Zane: The purpose of the initial studies was to prove that the vaccine worked and was safe. Worked and safe is really important. The vaccines do work at preventing disease and are definitely safe. The studies that were concurrent were looking at the level of virus and patients who have been vaccinated. In the early Moderna trial after the first dose of vaccine they did swab people's noses and compared to people who hadn't received the vaccine, there was far less virus compared to the placebo.

These initial studies were certainly started, they just aren't complete yet because they're just complicated. We have to wait until we have a certain population that's fully vaccinated, measure the transmission rate or the rate of disease in their close contacts, and then we can say that it decreases transmissibility.

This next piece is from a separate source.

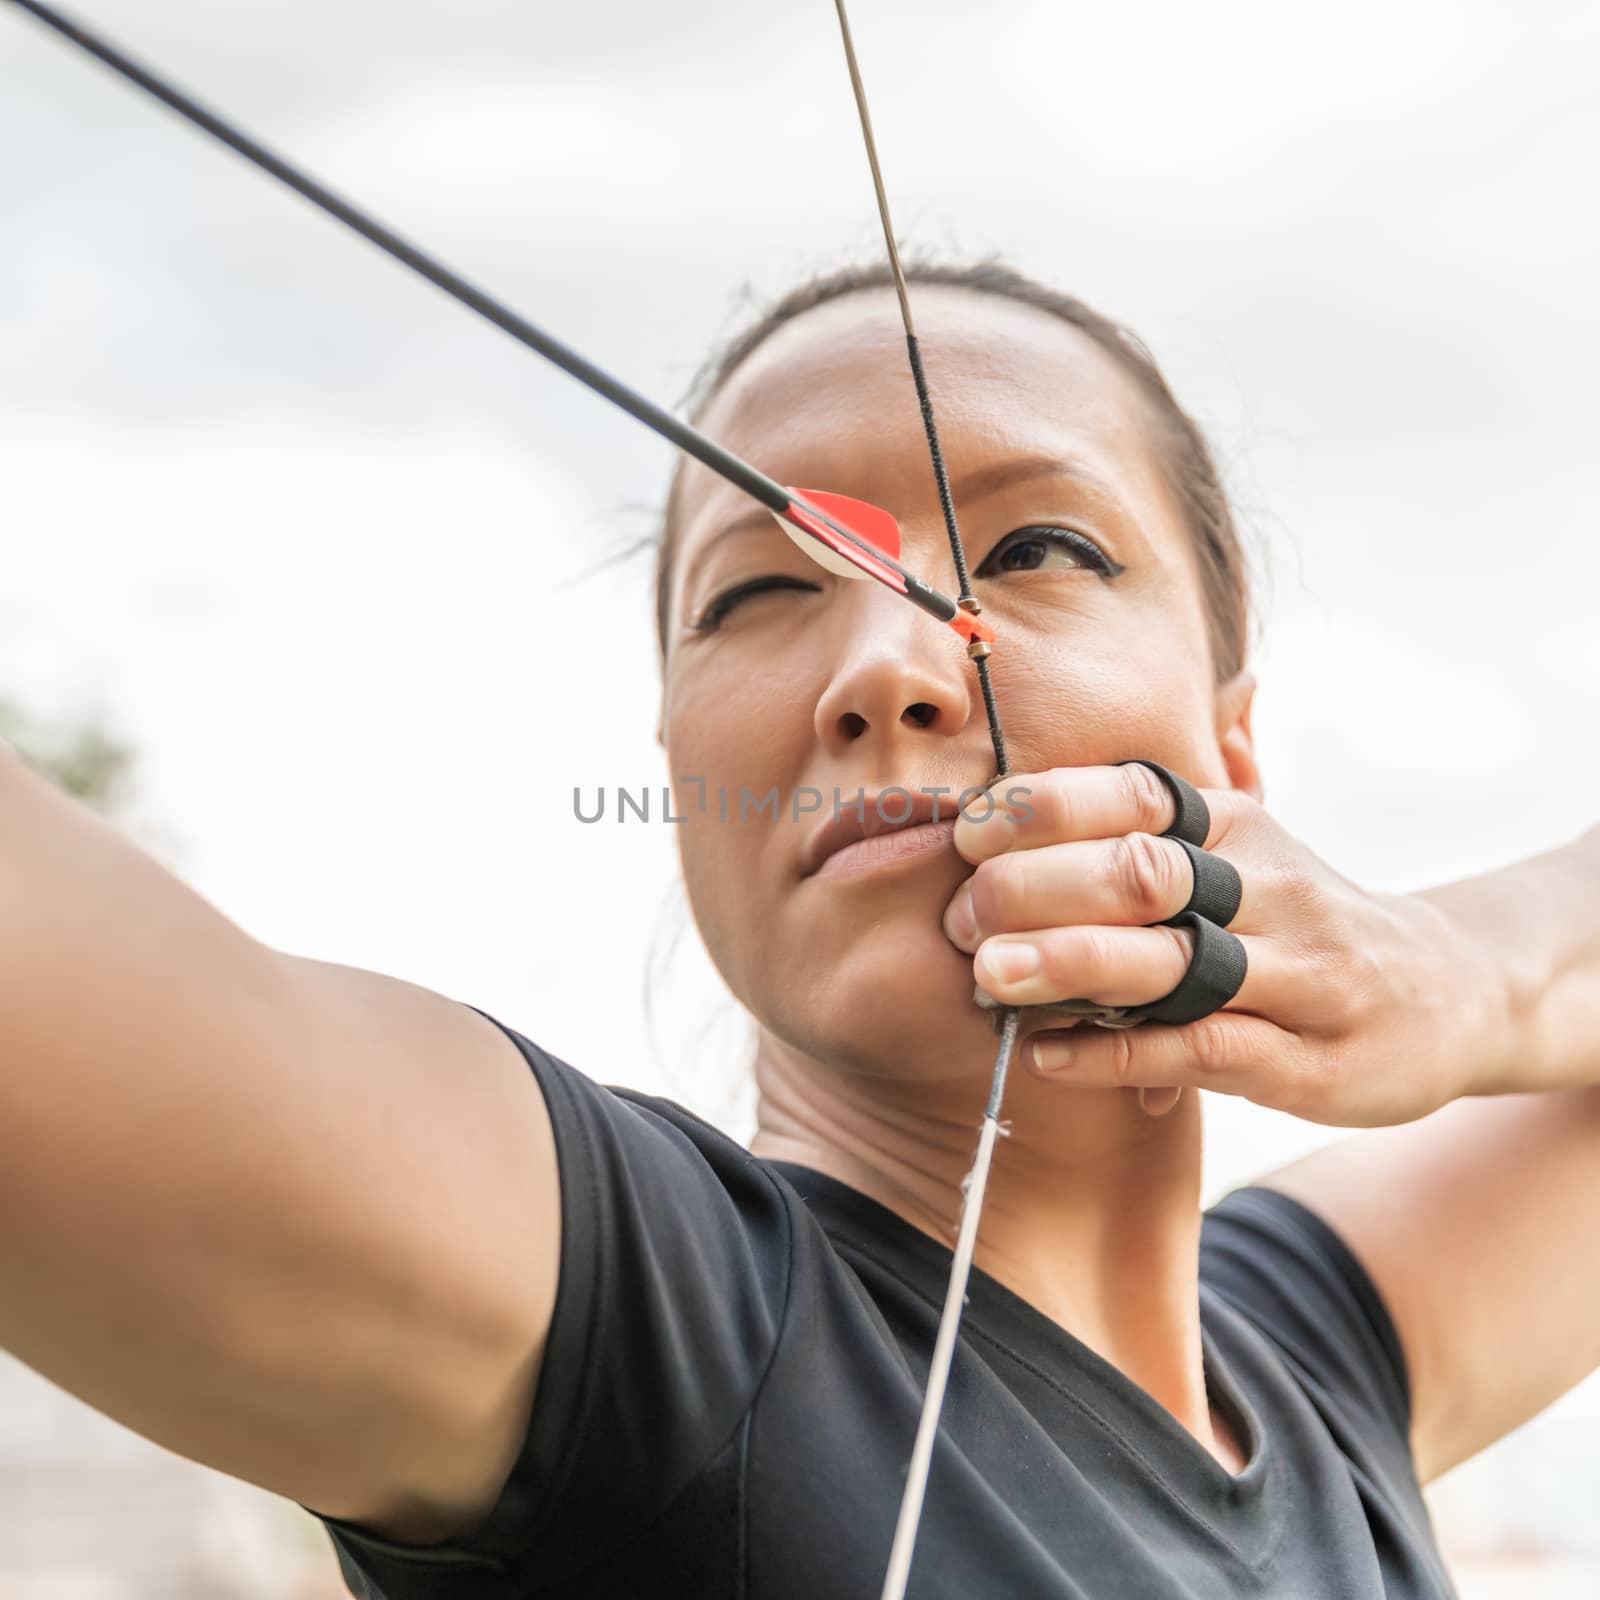 attractive woman on archery, focuses eye target for arrow from bow by Edophoto

So until you're vaccinated, and you're the only one in your family and then we can say, in three months or six months that no one in your family has caught COVID from you or from anyone else then we can say that it's correlated.

You mentioned a study in Israel, are there any caveats or concerns with it at this point?


Zane: The concerns are that the data is preliminary. Half of the population of Israel has received at least one dose of the vaccine and the severity of the disease has decreased very significantly, hospitalizations have decreased significantly, and it appears as though, in early analysis, the transmission of disease has decreased as well.

It's still early. Israel is a small population and there are lots of other confounders, for instance, wearing masks, social distancing, washing hands significantly decreased transmissibility. So, we have to decide whether that's what's causing the decrease in transmissibility or it's the vaccine. We really do have to do more study. Again, very preliminary, but very exciting and promising.

When do you think we’ll have a better understanding of the impact vaccines have on transmissibility?

Zane: I think the CDC will have guidelines that will come out soon that will specifically describe behaviors of people who've been fully vaccinated and what they can and can't do differently from what's out there now. I'm hopeful that within six months or a year, even though that sounds like a long time, we'll know a lot more about the transmissibility issue of the vaccine.